Collaborative and privacy-preserving retired battery sorting for profitable direct recycling via federated machine learning.
Shengyu TaoHaizhou LiuChongbo SunHaocheng JiGuanjun JiZhiyuan HanRunhua GaoJun MaRuifei MaYuou ChenShiyi FuYu WangYaojie SunYu RongXuan ZhangGuangmin ZhouHongbin SunPublished in: Nature communications (2023)
Unsorted retired batteries with varied cathode materials hinder the adoption of direct recycling due to their cathode-specific nature. The surge in retired batteries necessitates precise sorting for effective direct recycling, but challenges arise from varying operational histories, diverse manufacturers, and data privacy concerns of recycling collaborators (data owners). Here we show, from a unique dataset of 130 lithium-ion batteries spanning 5 cathode materials and 7 manufacturers, a federated machine learning approach can classify these retired batteries without relying on past operational data, safeguarding the data privacy of recycling collaborators.
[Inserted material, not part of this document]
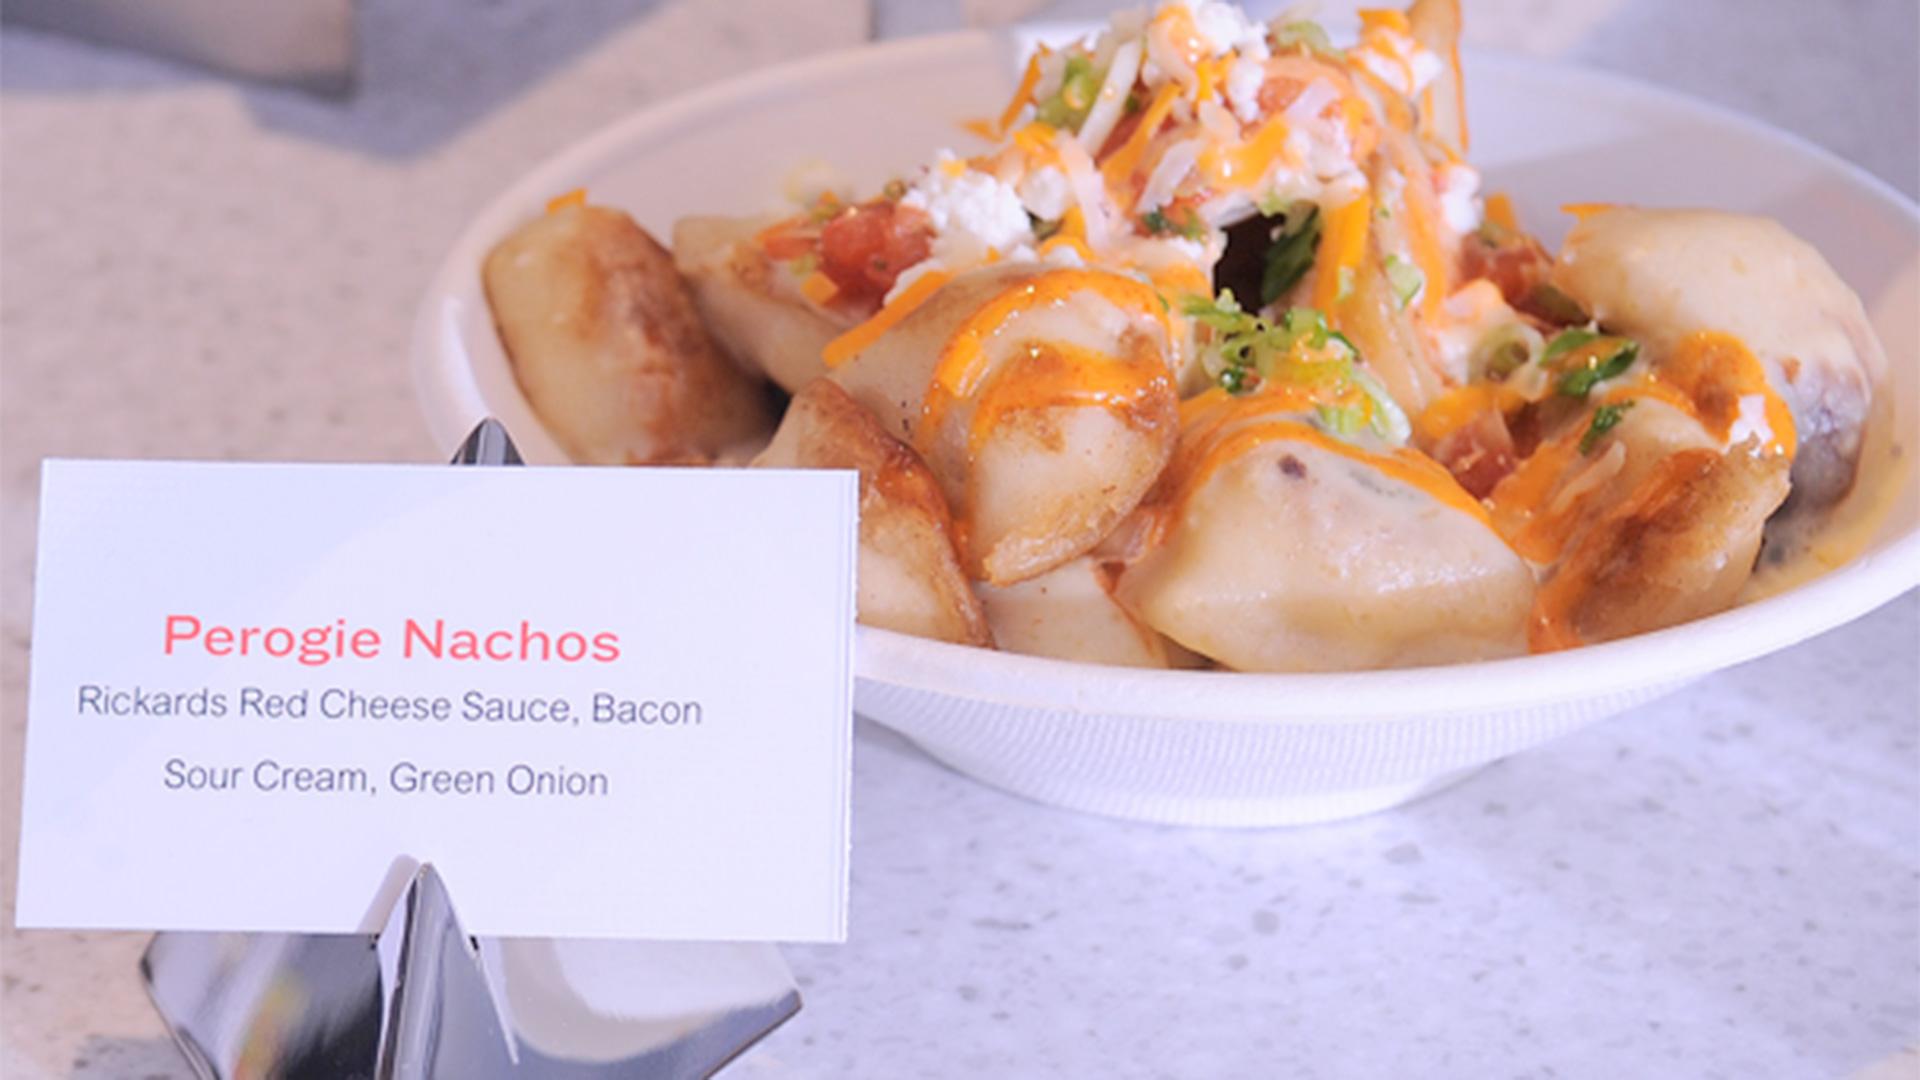 perogie perogy nachos food

By utilizing the features extracted from the end-of-life charge-discharge cycle, our model exhibits 1% and 3% cathode sorting errors under homogeneous and heterogeneous battery recycling settings respectively, attributed to our innovative Wasserstein-distance voting strategy. Economically, the proposed method underscores the value of precise battery sorting for a prosperous and sustainable recycling industry. This study heralds a new paradigm of using privacy-sensitive data from diverse sources, facilitating collaborative and privacy-respecting decision-making for distributed systems.